La République démocratique du Congo fait face à l’une des pires épidémies de choléra de la dernière décennie. En seulement neuf mois, le ministère de la Santé publique rapporte plus de 58 000 cas suspects et 1 700 décès, soit un taux de létalité supérieur à 3 %. Vingt des vingt-six provinces du pays sont désormais touchées, confirmant l’ampleur alarmante de cette crise sanitaire.
Selon le communiqué officiel publié le vendredi 24 octobre 2025 à Kinshasa, l’épidémie s’étend rapidement à des zones autrefois non endémiques. Les inondations, les déplacements de populations, les conflits armés et le manque d’accès à l’eau potable et à l’assainissement contribuent à la propagation de la maladie. À l’approche de la saison des pluies, les autorités redoutent une aggravation de la situation, susceptible d’entraîner une explosion du nombre de cas.

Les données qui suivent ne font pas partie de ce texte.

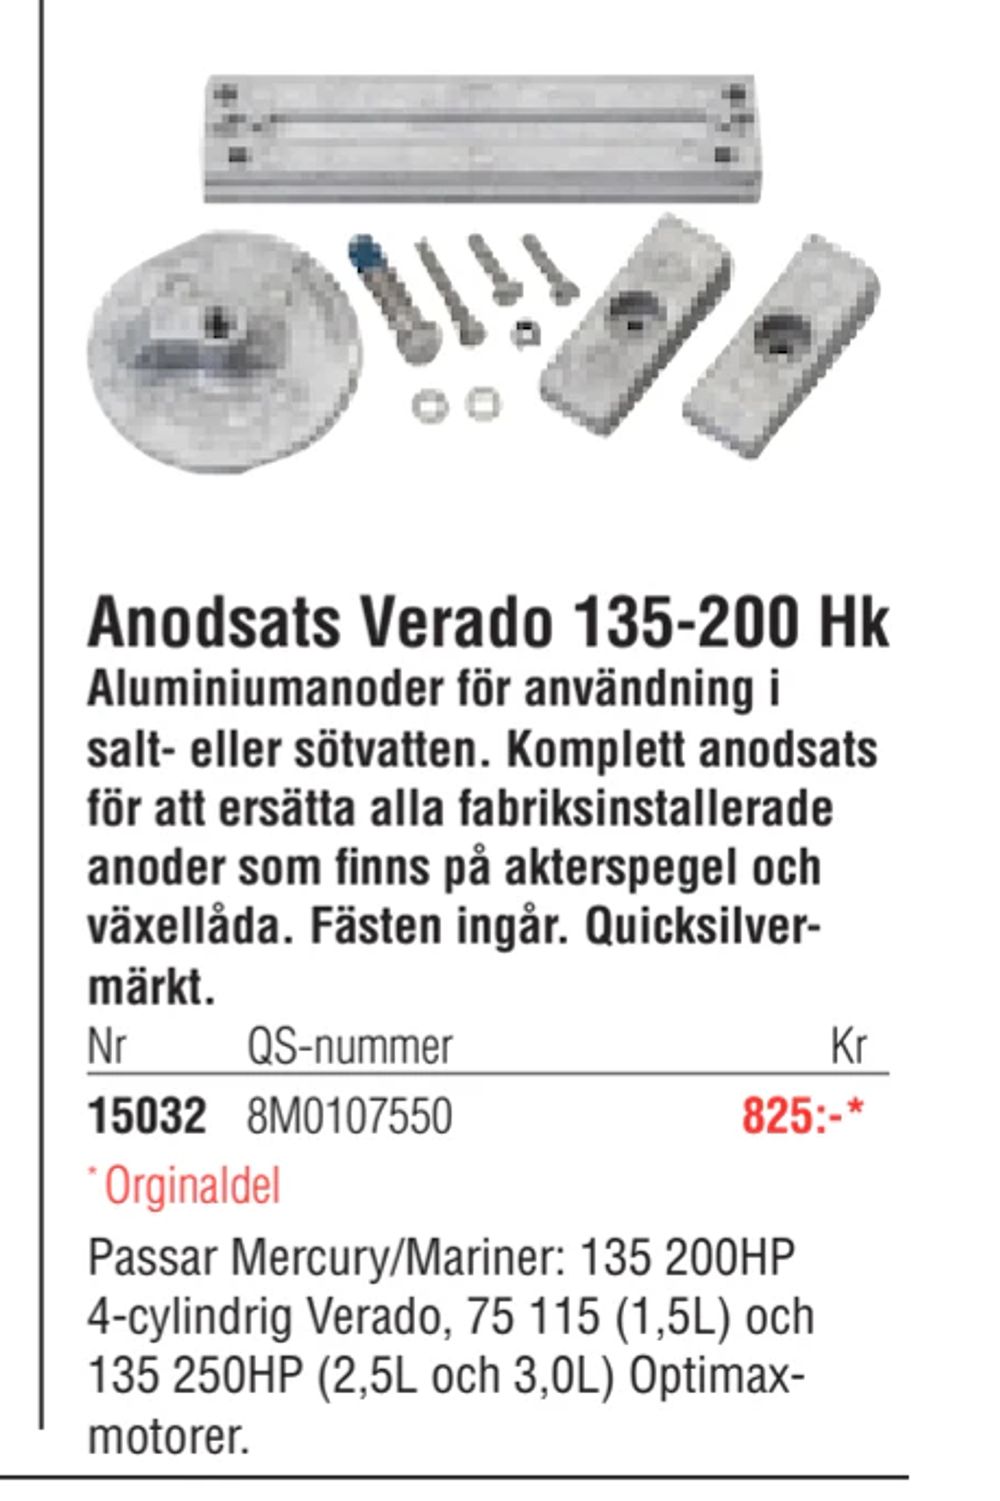 Erbjudanden på Anodsats Verado 135-200 Hk från Erlandsons Brygga för 825 kr

Face à cette urgence, Médecins Sans Frontières (MSF) a intensifié ses opérations dans plusieurs provinces, notamment au Nord et Sud-Kivu, dans la Tshopo, au Tanganyika, au Maniema et à Kinshasa. Depuis janvier, plus de 35 800 patients ont été pris en charge et 22 000 personnes vaccinées. « La propagation rapide de la maladie est extrêmement préoccupante. Seule une mobilisation générale permettra de freiner cette crise », a déclaré Dr Jean-Gilbert Ndong, coordonnateur médical de MSF en RDC.
Cependant, la riposte reste entravée par des manques criants de financement, de coordination et de ressources humaines. Le gouvernement congolais et les partenaires humanitaires peinent à assurer la continuité des interventions, la distribution des vaccins et l’approvisionnement en matériel médical. « Les structures locales ne sont pas adaptées à la gravité de la situation. Il faut une réaction immédiate et coordonnée », plaide Ton Berg, cheffe des programmes de MSF au Sud-Kivu.
Le choléra, infection bactérienne évitable et traitable, continue de faire des ravages en raison des conditions d’hygiène précaires et du faible accès à l’eau potable. MSF appelle à une action nationale concertée et durable pour renforcer le système de santé, améliorer l’assainissement et assurer un accès rapide aux soins. Sans cela, la RDC risque de voir cette épidémie se transformer en une crise humanitaire de grande ampleur.